All that might be hard to grasp without an understanding how modern CPUs execute instructions, which very much is not "an instruction at a time", Computerphile has excellent videos about pipelining and branch prediction.

[–] rkk@lemmy.world 14 points 6 days ago (1 children)

You will be slapped with a floppy

[–] Xatolos@reddthat.com 11 points 6 days ago* (last edited 6 days ago) (1 children)
[–] Sorse@discuss.tchncs.de 9 points 6 days ago (1 children)
[–] homesweethomeMrL@lemmy.world 1 points 6 days ago

*ba-dum. tisshh*

[–] catloaf@lemm.ee -1 points 6 days ago

You know you can click that headline and read the article for more information. You don't have to live in ignorance.

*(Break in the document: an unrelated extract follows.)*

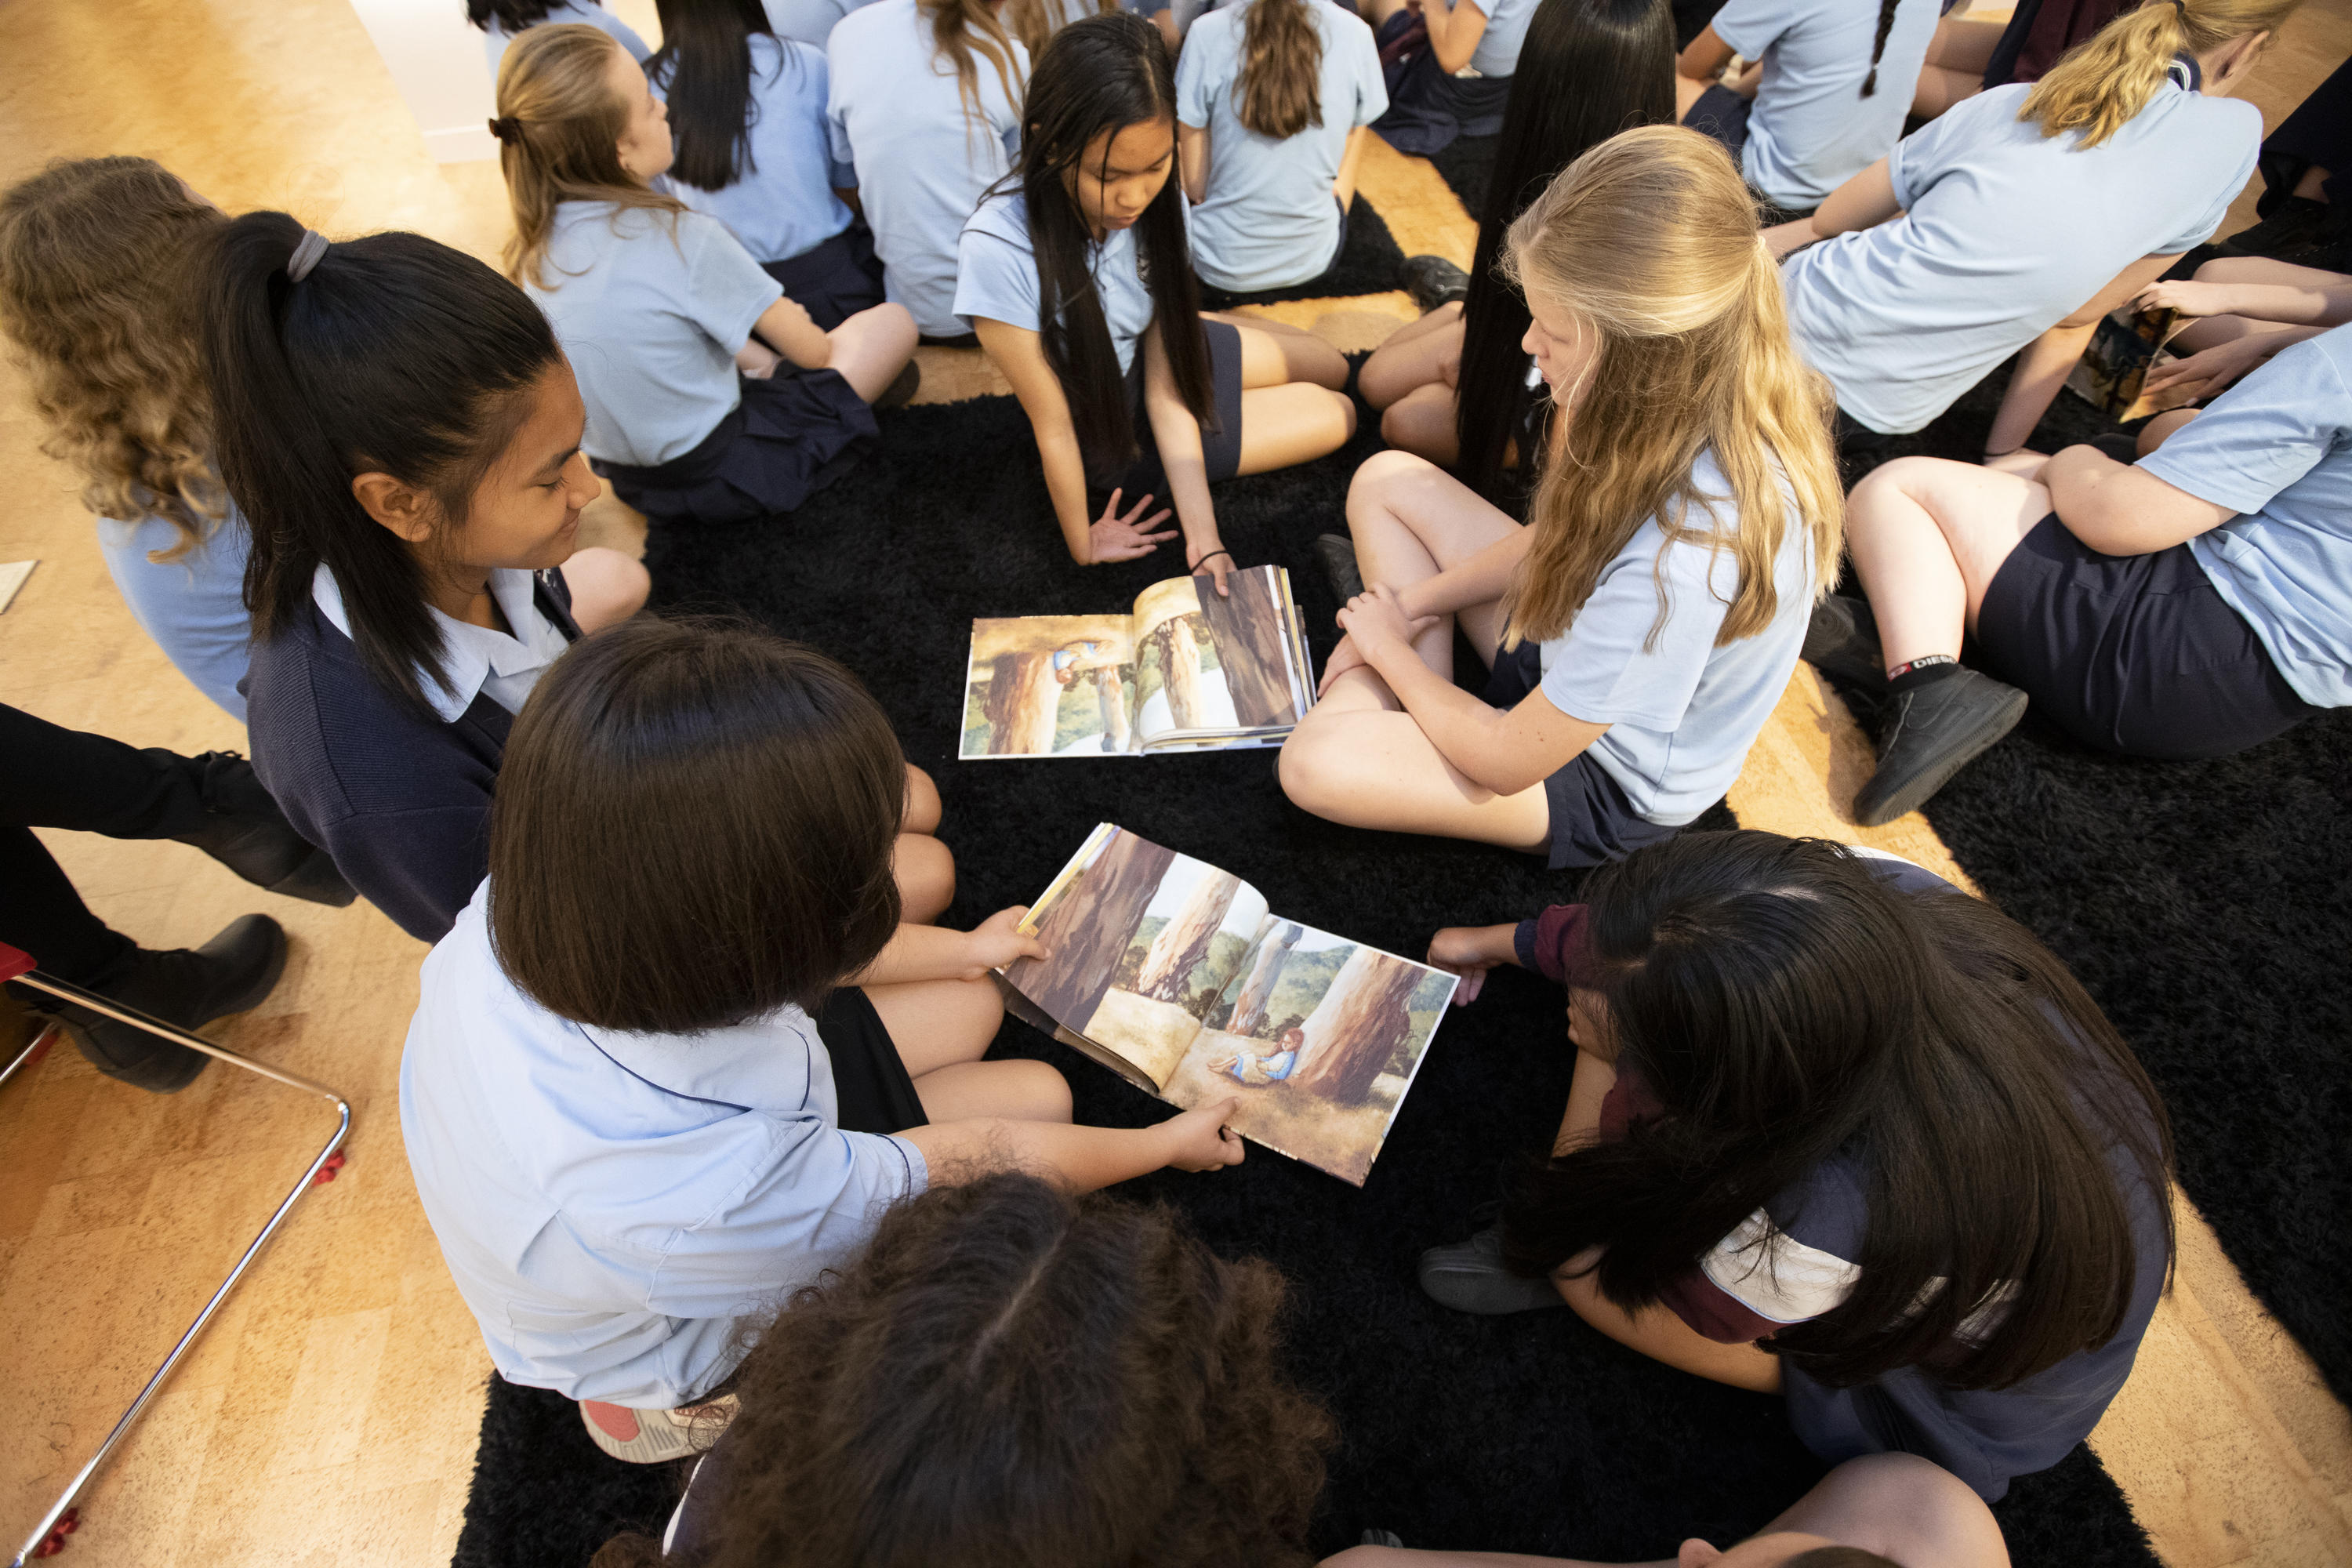 A group of students gathered around picture books

[–] leaky_shower_thought@feddit.nl 13 points 6 days ago (1 children)

i had to double check. yes. it is a SLAP with a silent d and a. what a great name.

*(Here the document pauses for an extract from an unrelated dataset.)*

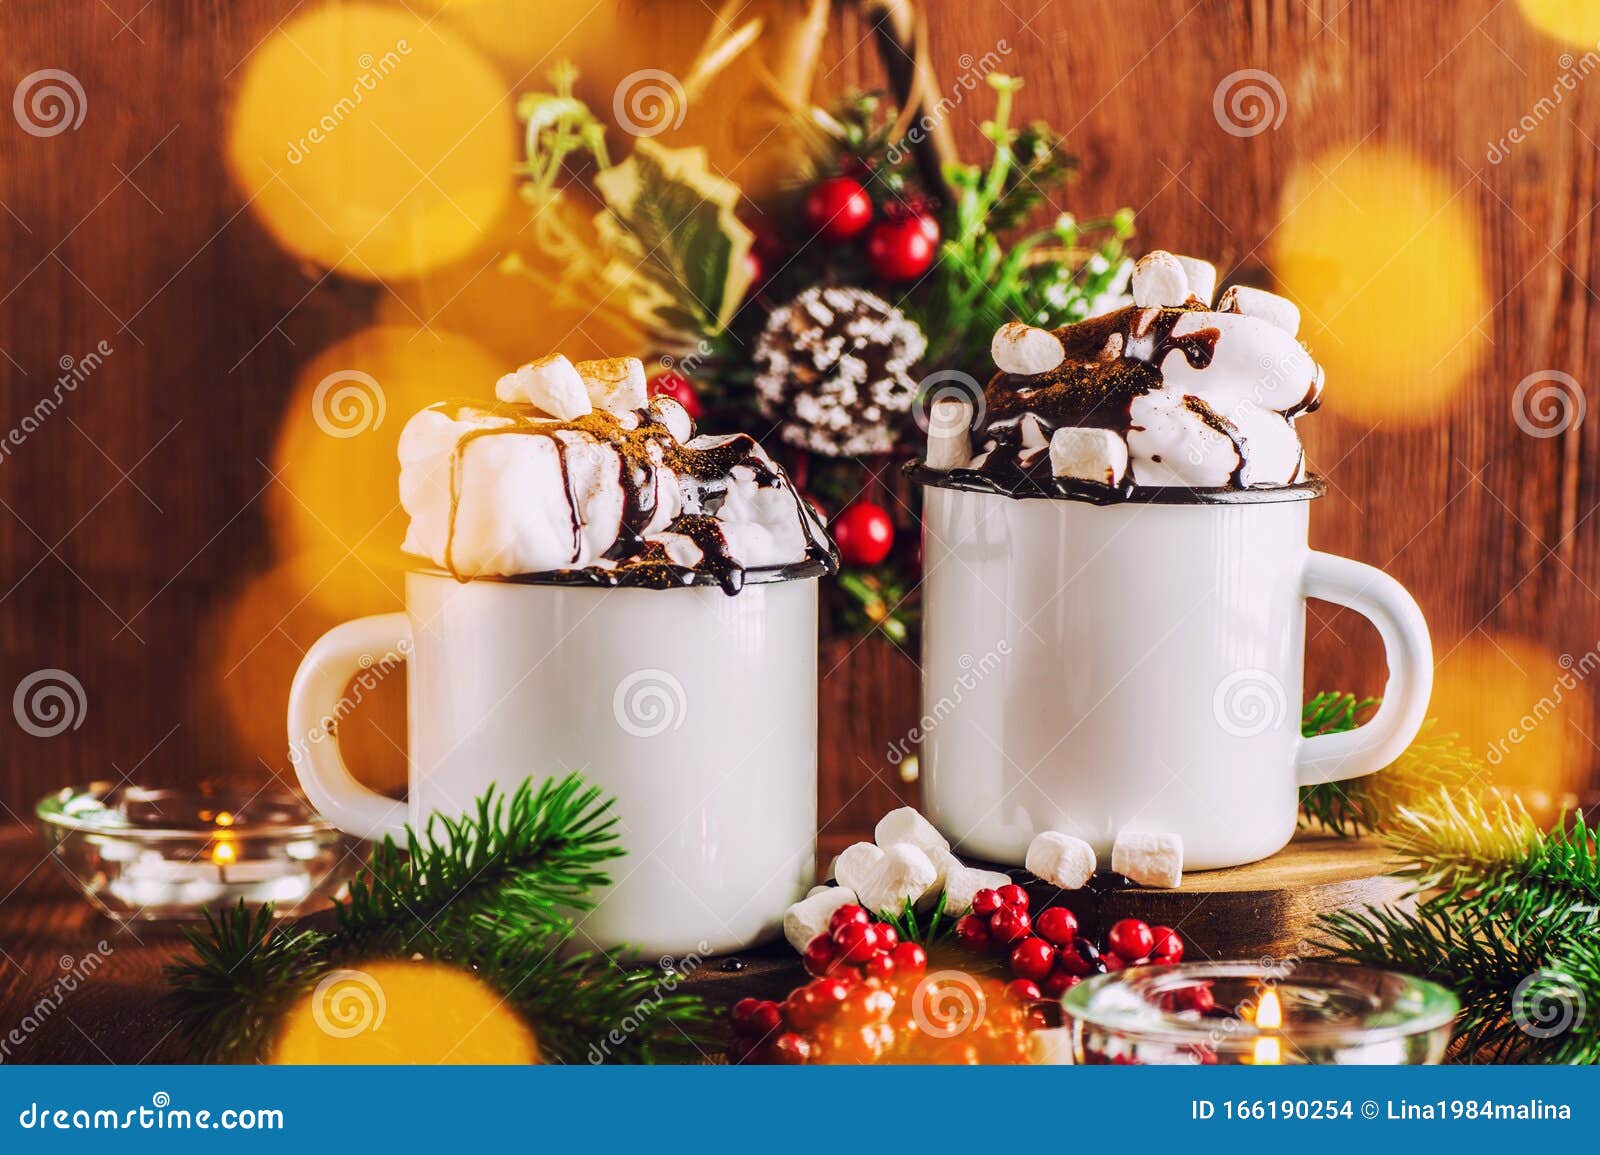 Hot drinks. Winter Christmas mugs background, holiday cocoa coffee cho By  ONYX

[–] Zykino@programming.dev 5 points 5 days ago

From the article's own summary.

False Load Output Prediction and Speculative Load Address Prediction allow for data leaks without malware infection

But I guess "IA summary" did its best ¯\_(ツ)_/¯

[–] rottingleaf@lemmy.world 4 points 6 days ago

Oh no! We can't live without overengineered pieces of silicon made via processes more complex than anything in history, with enormous computing power being used to display our porn and cat pics. We need more performance! And we need even more complex CPUs.

Everyone is different. I could live with things from year 2005. Except they were expensive and not everyone had them. I would want people to have necessities and simple, sturdy, cheap, weak tech to fulfill their needs and nothing more. Not lack some things and have far too powerful tools for other things.

[–] mlg@lemmy.world 3 points 5 days ago

I don't know if mac has something similar, but you can run a command on linux to list all the CPU vuln mitigations applied, and its hilarious to see on something old like a skylake or haswell with the amount of patches that have dropped since release.